▸ Task instructions:
Only the lines from the one that contains "Bashögtalaren mellan hjulhusen" through the last line of the data below should be duplicated, exactly and without pictures.

-------- Dataset extract

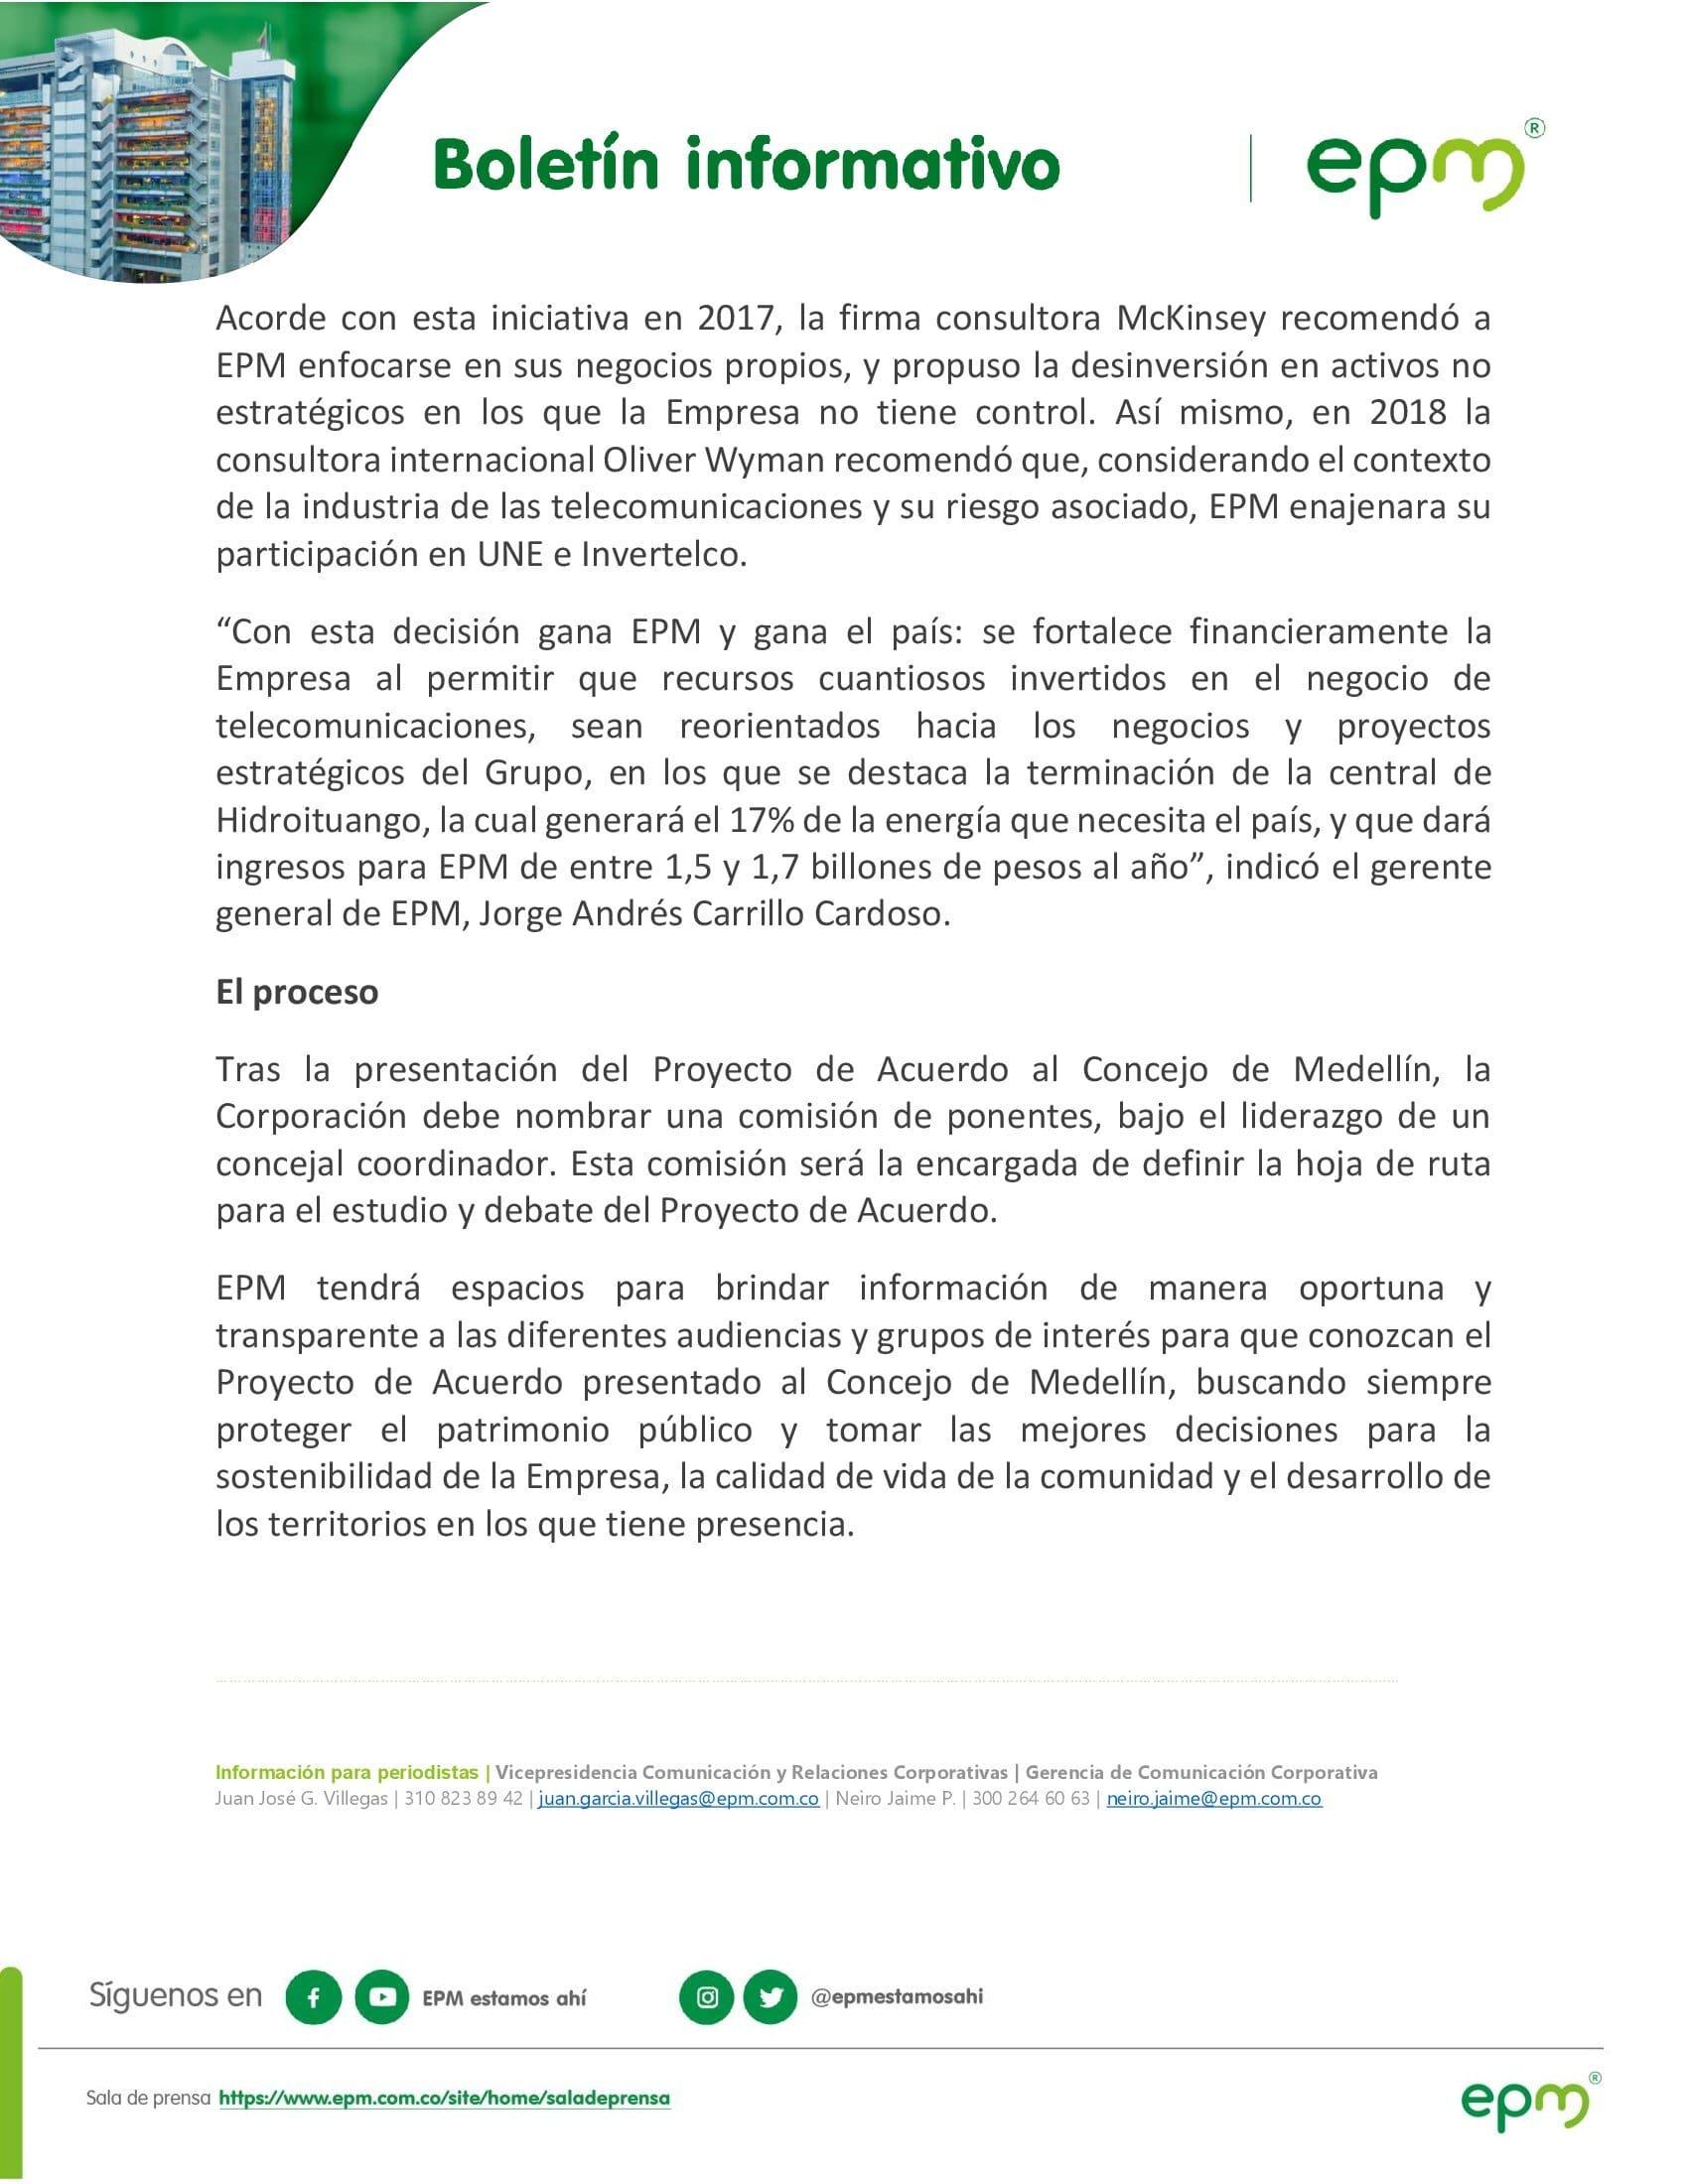 Boletin Informativo EPM UNE e Invertelco 19072021 00002
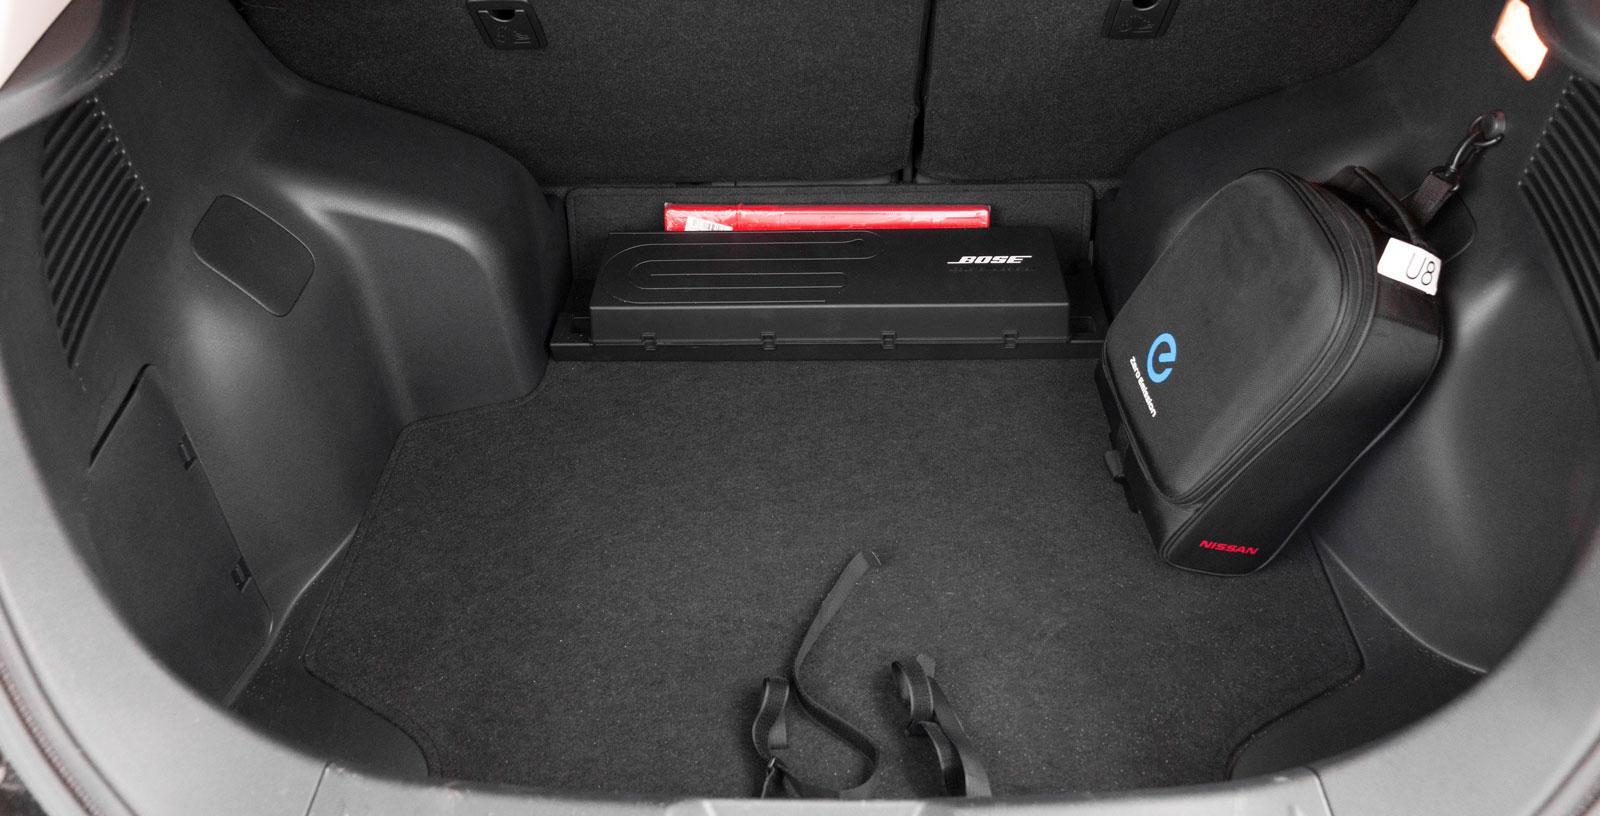 Bashögtalaren mellan hjulhusen och sladdväskan stjäl plats i ett redan svårlastat bagage. Hög och klumpig tröskel (13 cm) vid fällt baksäte imponerar inte heller.
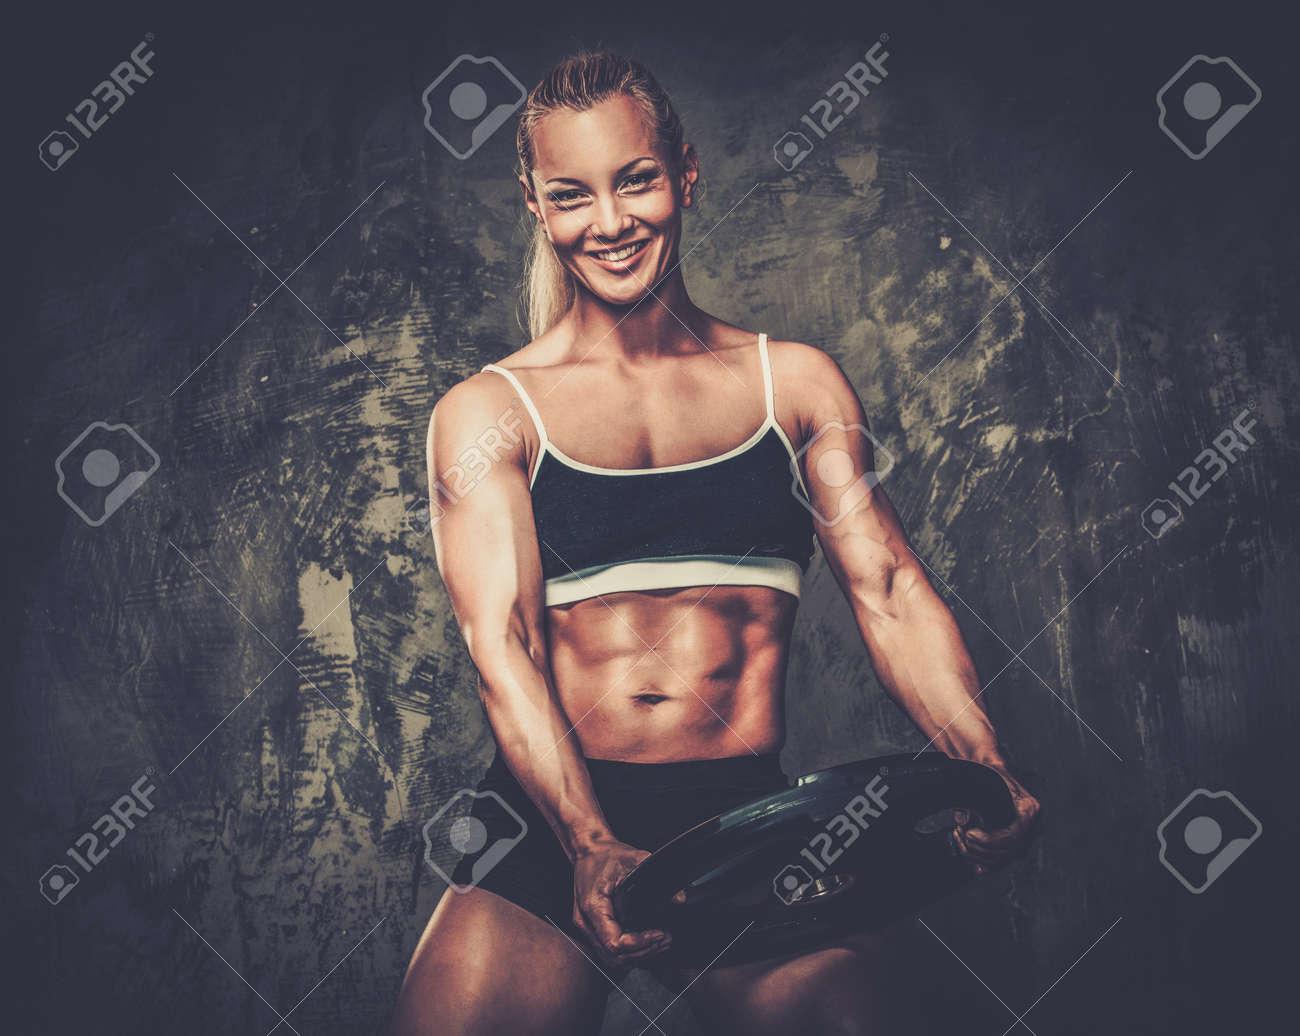 Schön bodybuilder frau The Woman's
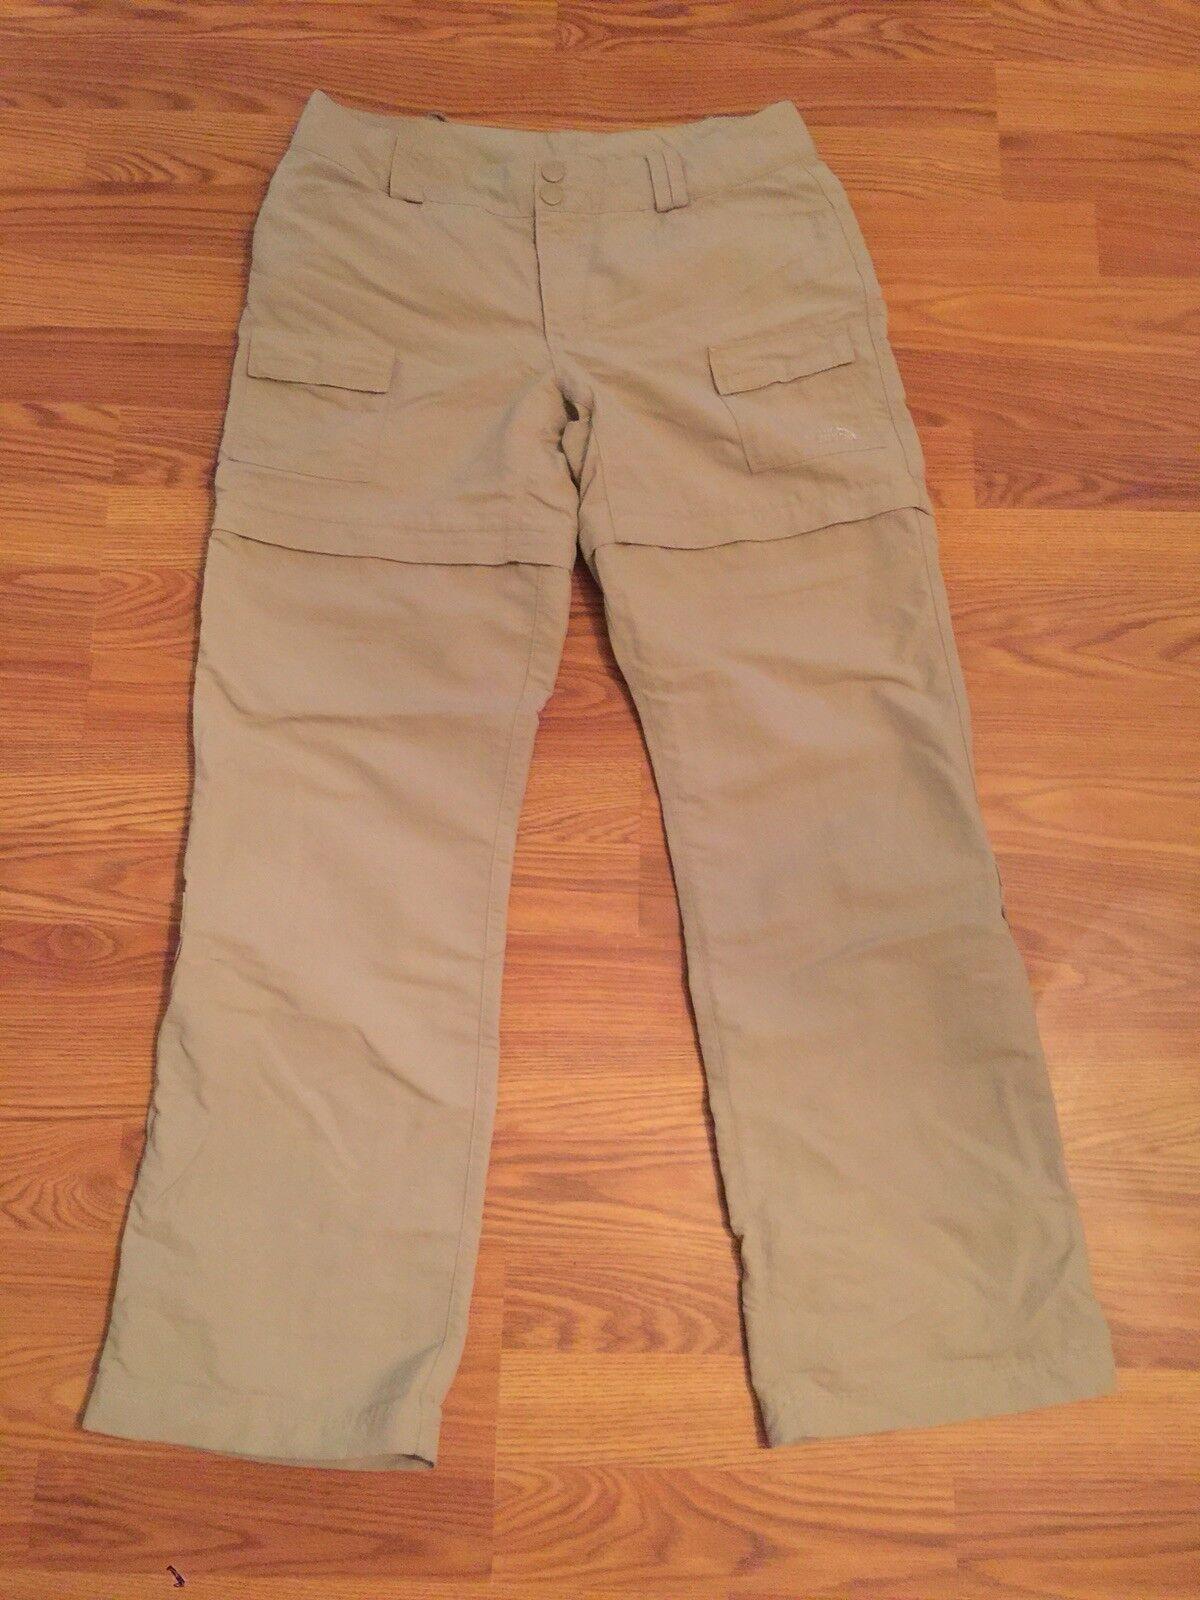 Women's The North Face Nylon Hiking Congreenible Pants Shorts Zipper Khaki 10 Reg

----------------

▸ Solution for this problem:
 Bashögtalaren mellan hjulhusen och sladdväskan stjäl plats i ett redan svårlastat bagage. Hög och klumpig tröskel (13 cm) vid fällt baksäte imponerar inte heller.
 Schön bodybuilder frau The Woman's
 Women's The North Face Nylon Hiking Congreenible Pants Shorts Zipper Khaki 10 Reg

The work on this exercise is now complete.